CLAUDE.md defines the rules — what this project is, how it is structured, what patterns to follow. This is the foundation.
Skills provide depth — detailed workflows and domain knowledge that Claude loads when it encounters a matching task. This is the reference library.
MCPs connect the outside world — database access, GitHub integration, live documentation. This is the toolbelt.
Hooks enforce the non-negotiables — quality gates that run every time, regardless of what Claude is doing. This is the safety net.
A concrete example from my own setup: CLAUDE.md says "this project uses TRPC for all API routes — never create REST endpoints." A skill describes "how to create a new TRPC router with proper validation and tests." The Supabase MCP lets Claude query the database to understand the schema. A pre-commit hook runs the type checker to catch any mistakes before they are committed.
Four mechanisms, four layers, one coherent system.
Common mistakes
Putting everything in CLAUDE.md. I see this constantly. CLAUDE.md files that are 300+ lines long, covering every possible workflow and edge case. The result: Claude skims it, misses the important rules buried in the noise, and the context cost is enormous. Keep CLAUDE.md under 100 lines. Move everything else to skills.
Ignoring hooks. Developers write elaborate rules in CLAUDE.md about code quality, then get frustrated when Claude occasionally forgets to lint. A hook would solve this permanently at zero context cost. If you find yourself writing "ALWAYS do X" in CLAUDE.md, that is a hook.

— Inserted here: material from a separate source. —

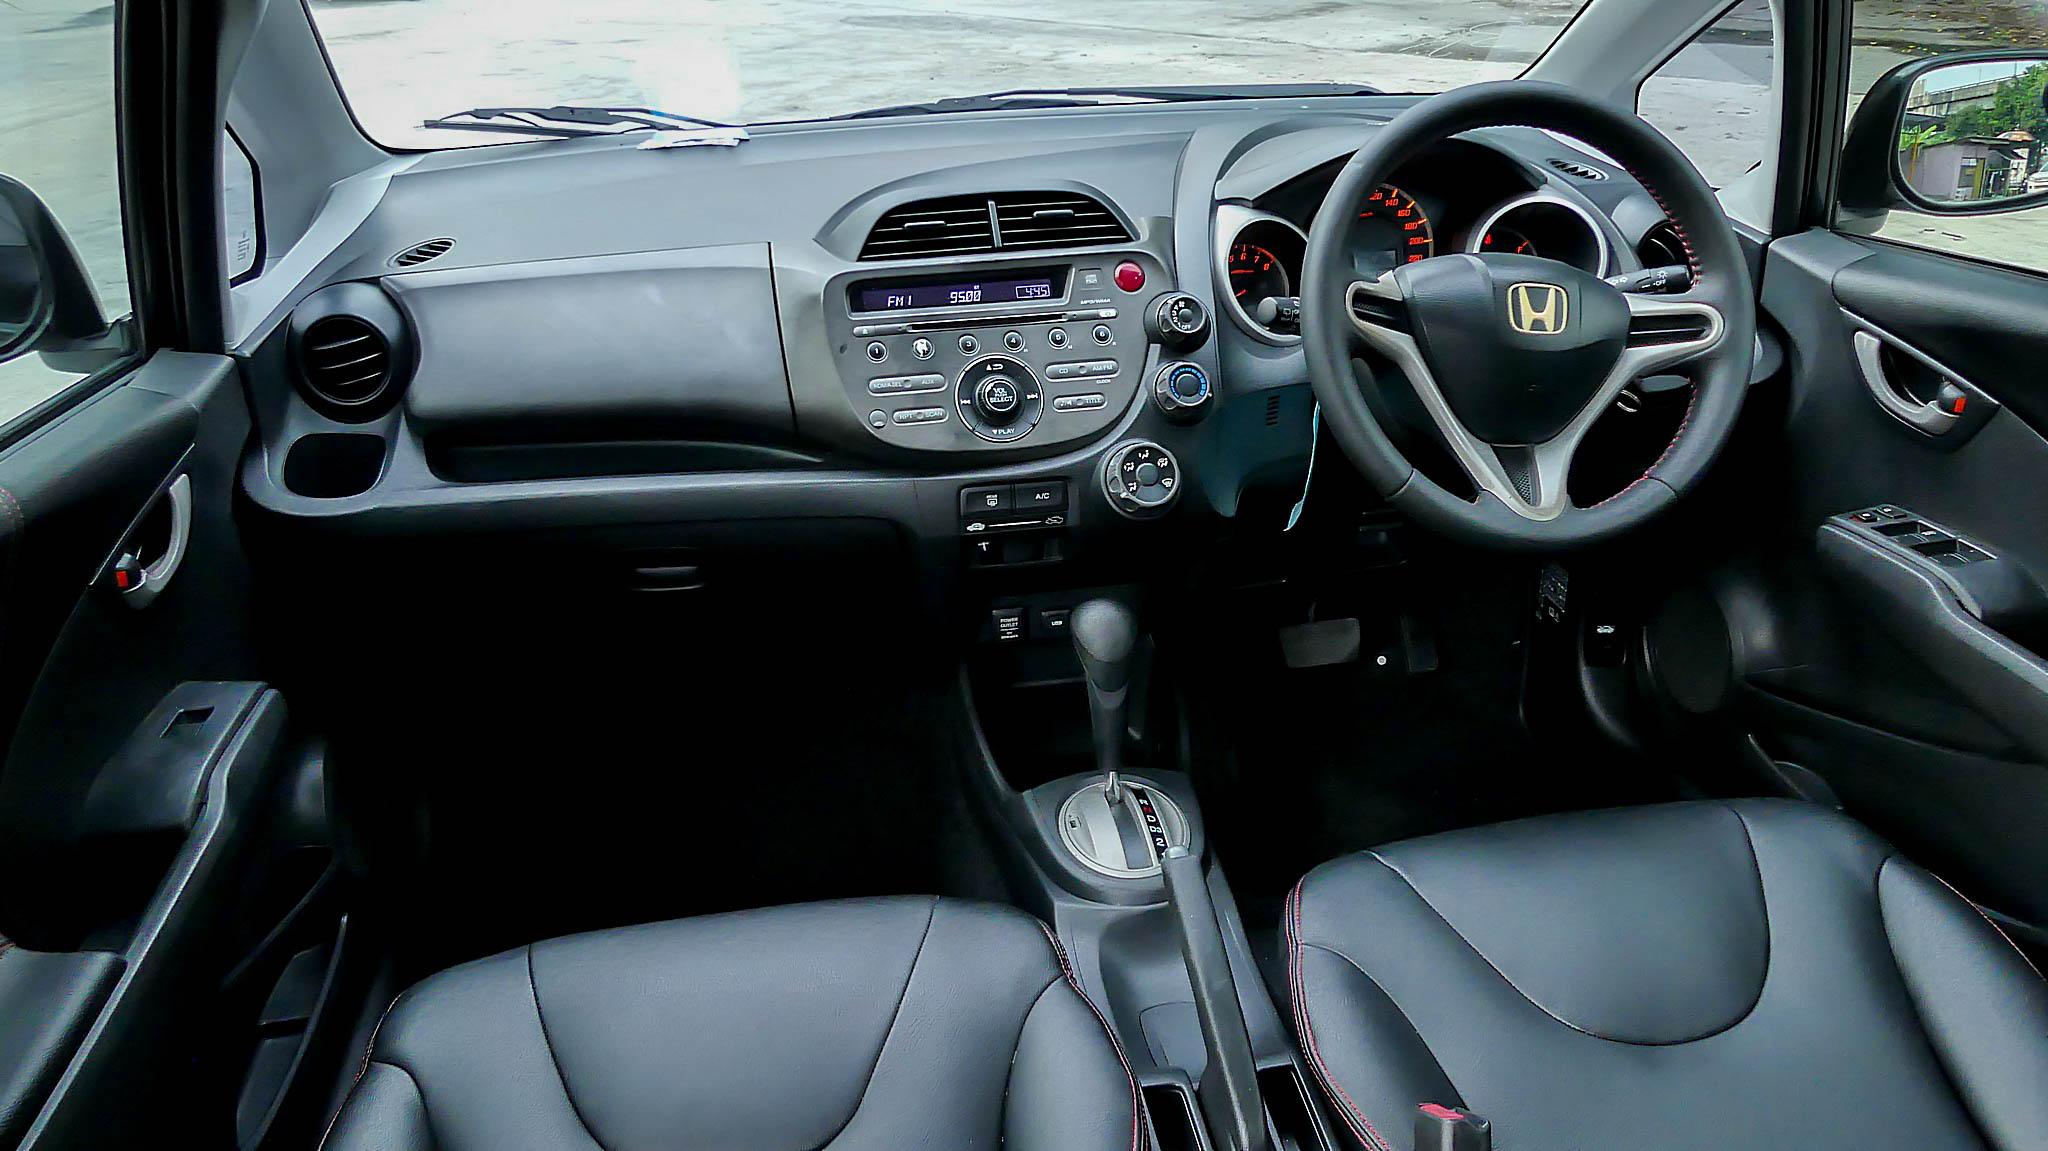 Honda Jazz 1.5 S / AT ปี 2008

Installing too many MCPs. Every MCP adds tool descriptions to your context budget. Five MCPs with 15 tools each is 75 tool descriptions loaded every session. Audit your MCPs monthly. If you have not used one in the past week, disable it.

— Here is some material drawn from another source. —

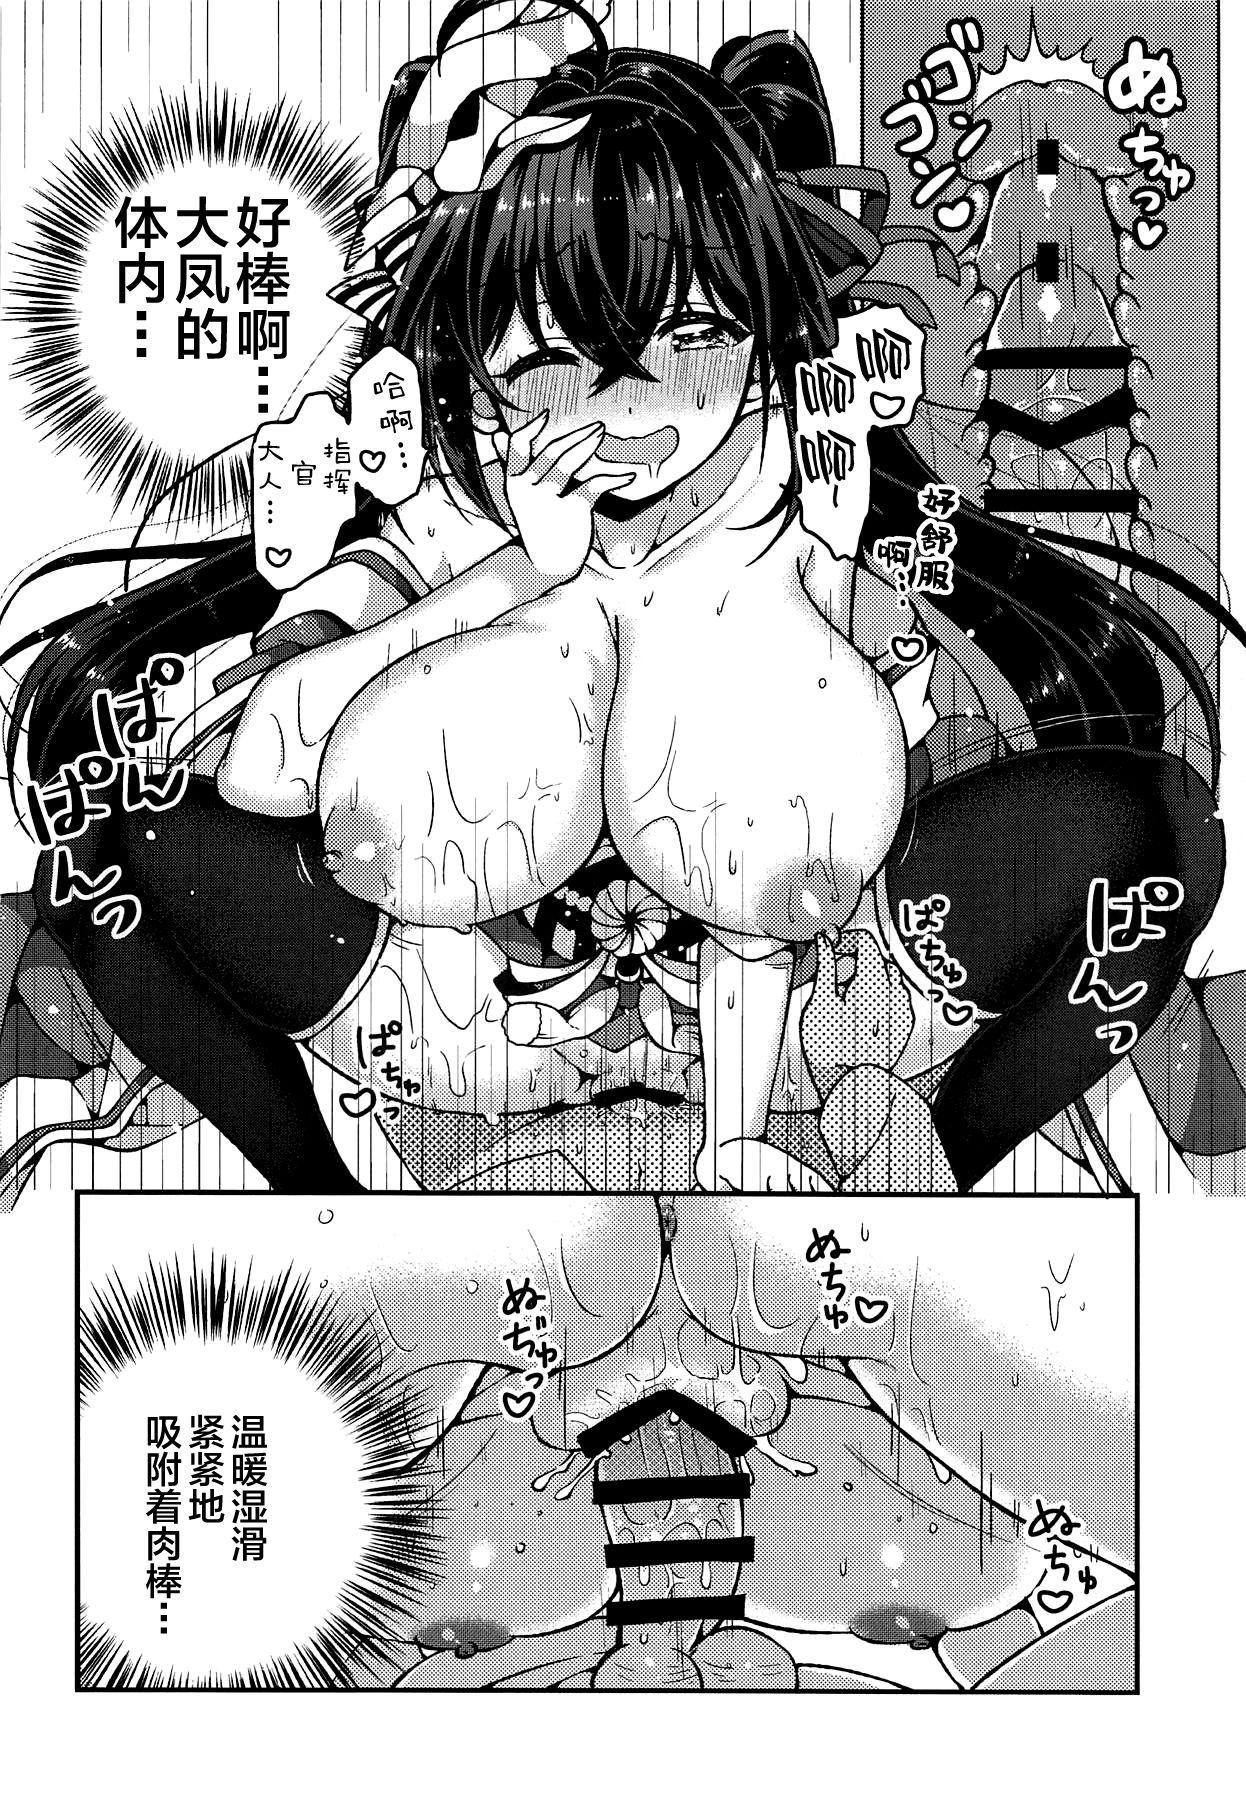 (C95) [Aratoya (Arato Asato)] Taihou-san to Amaama Sex - sweetest sex with taihou-san (Azur Lane) [Chinese] [黎欧x新桥月白日语社] 12

Using skills for enforcement. Skills fire 50-80% of the time. That is fine for "follow this workflow." It is not fine for "never push directly to main." Enforcement requires determinism. Determinism requires hooks.
What you have learned in this chapter
Context is the fundamental constraint. Everything flows from that.
You manage context through four mechanisms — each with a different cost and reliability profile. CLAUDE.md for always-on rules. Skills for on-demand knowledge. MCPs for live tool access. Hooks for deterministic enforcement.
You control cost through model routing — Sonnet as default, Opus for deep reasoning, Haiku for subagent work. Thinking caps prevent runaway deliberation. Early compaction keeps context clean.
In the next chapter, we build the feedback loop — the system that turns friction into improvement and makes your setup get better with every session.